As we age circumstances in our lives often change.  We retire from a job, friends move away or health issues convince us to eliminate or restrict driving.  When changes like these occur, we may not fully realize how they will affect our ability to stay connected and engaged and how much they can still impact our overall health and well-being.

We need social connections to thrive, no matter our age, but recent research shows the negative health consequences of chronic isolation and loneliness may be especially harmful for older adults.  The good news is that with greater awareness, we can take steps to maintain and strengthen our ties to family and friends, expand our social circles and become more involved in the community around us.

Having a social network that meets our needs means different things to everyone.  There are some actions to consider to help stay connected.

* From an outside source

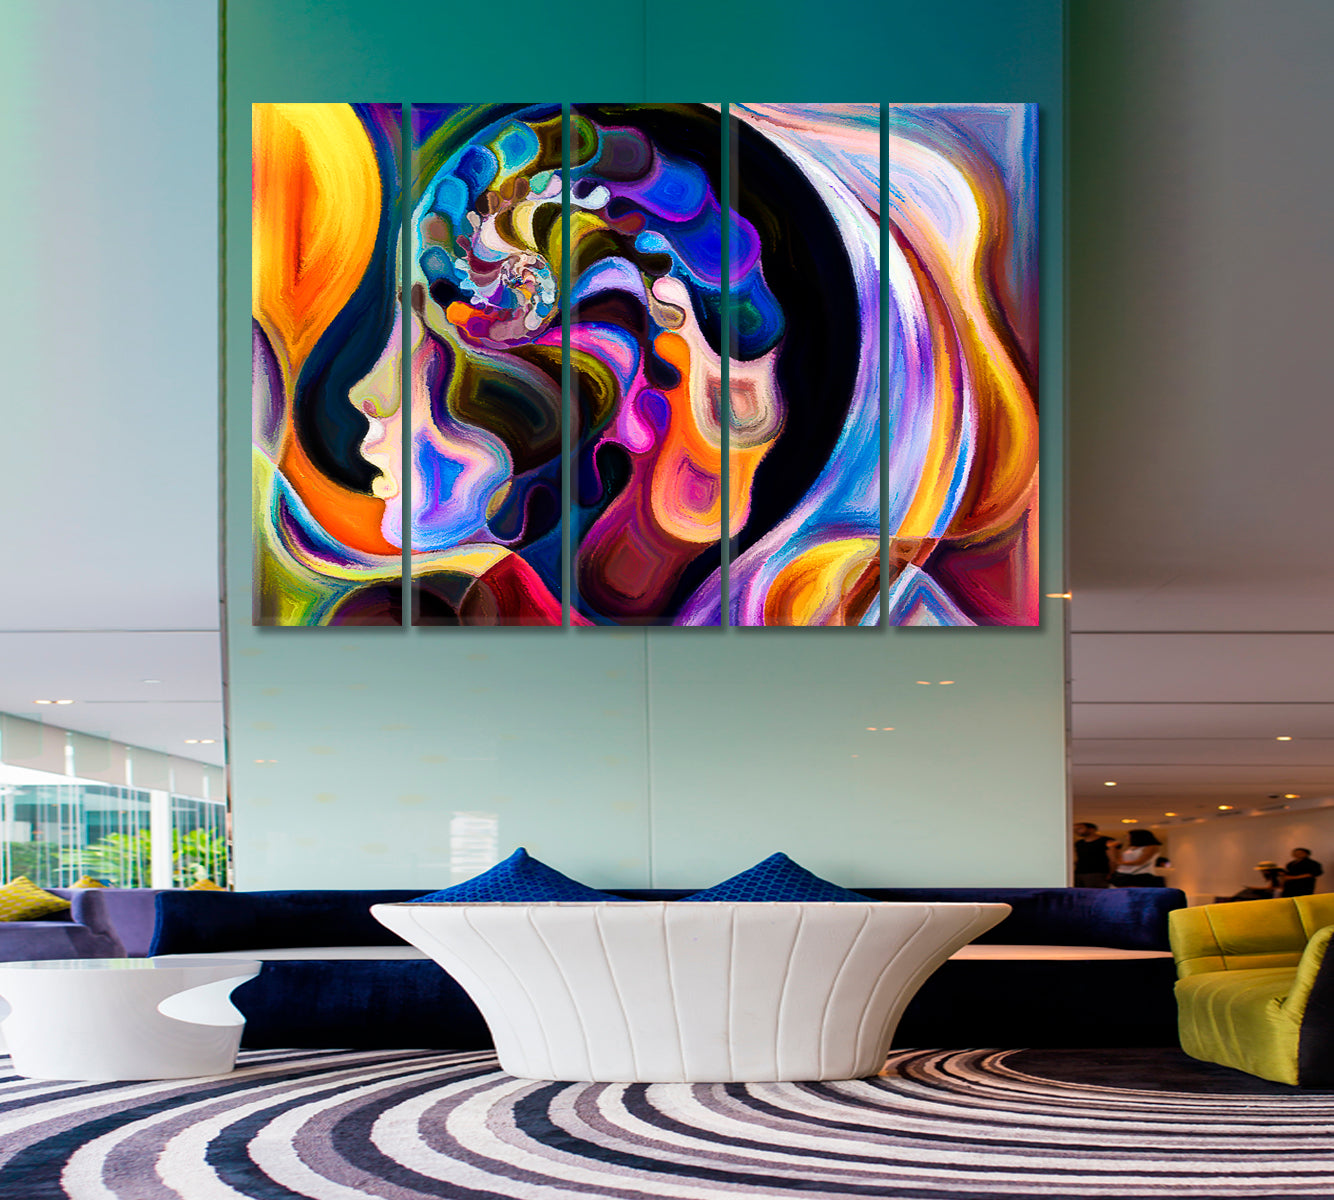 Life Forms In Mind Abstract Art Print Artesty 5 panels 36" x 24"

  • Nurture and strengthen existing relationships: invite people over for coffee or call them to suggest a trip to a museum or to see a movie.
  • Schedule a time each day to call a friend or visit someone.
  • Meet your neighbors young and old.
  • Don’t let being a non-driver stop you from staying active. Find out about your transportation options.
  • Use social media like Facebook to stay in touch with long-distance friends or write an old-fashioned letter.
  • Stay physically active and include group exercise in the mix, like joining a walking club.
  • Take a class to learn something new, at the same time, expand your circle of friends.
  • Revisit an old hobby you’ve set aside and connect with others who share our interests.
  • Volunteer to deepen your sense of purpose and help others.
  • Visit your local community wellness or senior center and become involved in a wide range of interesting programs.
  • Check out faith-based organizations for spiritual engagement, as well as to participate in activities and events.
  • Get involved in your community by taking on a cause, such as making your community more age-friendly.

Prolonged isolation can be as bad for your health as 15 cigarettes a day.  Stay engaged and remember the older adults in your lives and reach out to them this holiday season and throughout the year.